Dr. Sladky states that “our limited understanding of pain and analgesia in fish and invertebrates should not obscure our clinical decisions, and we should err on the side of fish and invertebrate well-being by making the assumption that conditions considered painful in humans and other mammals should be assumed to be potentially painful across all other vertebrate and invertebrate species.”
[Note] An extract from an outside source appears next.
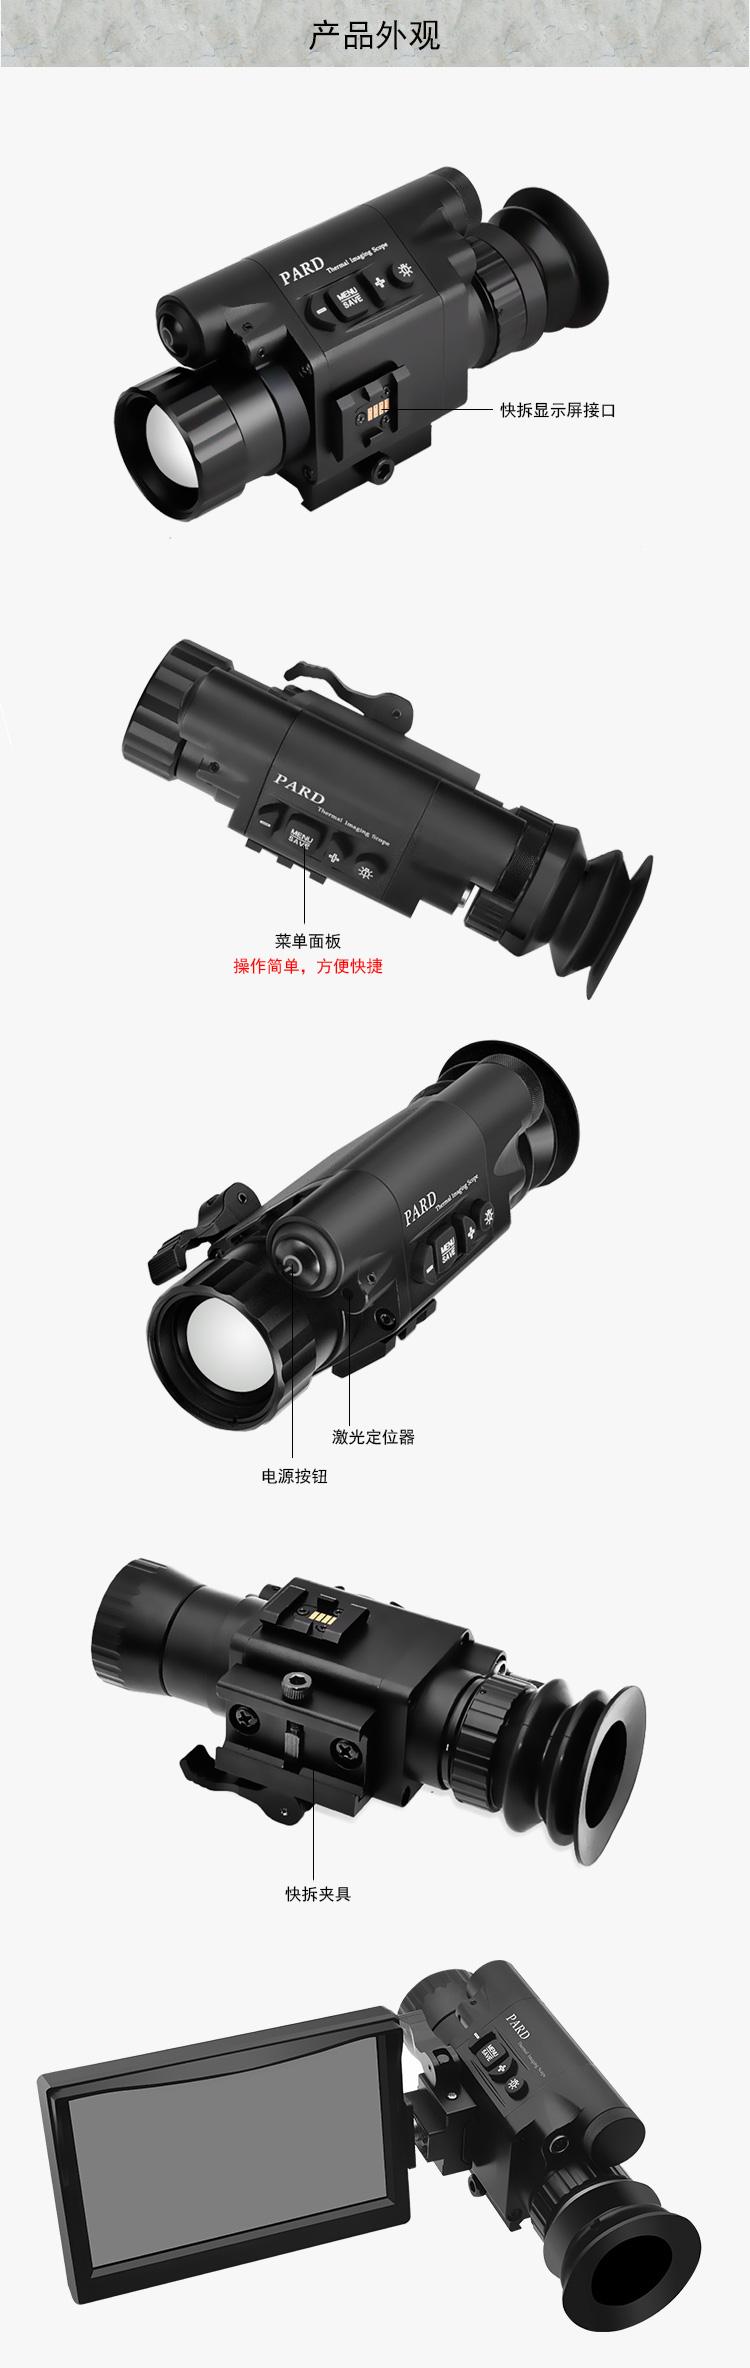 PARD普雷德40S标准版红外热成像夜视瞄准镜

“Although peripheral nociceptors have not been identified in cephalopods, there are no published reports that anyone has investigated peripheral nociception in cephalopods. On the other hand, nociceptors have been identified in anemones, sea cucumbers, leeches, nematodes, Drosophila, and many other insects (Kavaliers 1988; Tobin & Bargmann 2004; Xu, et al. 2006; Smith & Lewin 2009; Puri & Faulkes 2010)…Many invertebrate species (earthworms, roundworms, molluscs, Drosophila) possess endogenous opioid receptors (Dalton & Widdowson 1989; Tobin & Bargmann 2004). Immunohistochemical staining indicated the presence of endogenous opioid receptors in nematodes (Prior et al. 2007). Mussels possess benzodiazepine and opioid receptors in their nervous systems (Gagne et al. 2010). In addition, there is genetic and physiologic evidence that invertebrates and vertebrates may have similar capacities with respect to pain and analgesia…”(Sladky 2014)
“Pain-associated behaviour of invertebrates has been described in multiple species. In sea anemones, crabs, crayfish, sea slugs, snails, flatworms, crickets, praying mantis and Drosophila, withdrawal responses are observed with thermal and mechanical noxious stimuli…”(Sladky 2014).
The paper by Dr. Sladky is definitely worth the read because it is a nice summary of all the discoveries that have been made about fish and invertebrates with relation to pain. Read it here: http://anzccart.org.nz/wp-content/uploads/2014/08/Sladky.pdf
Albeit slowly, science has shown us that invertebrate species are not as simple as we once thought. So I ask, what basis is there for not erring on the side that potentially oysters, and other invertebrates, that have yet to be studied in detail, also have the ability for these mechanisms and behaviors?
Would it not be unethical to apply standards to species that science has yet to fully study or understand?
Would it not be unethical and unfair to apply specific standards to species with completely different body forms that work in completely different ways than we could ever imagine?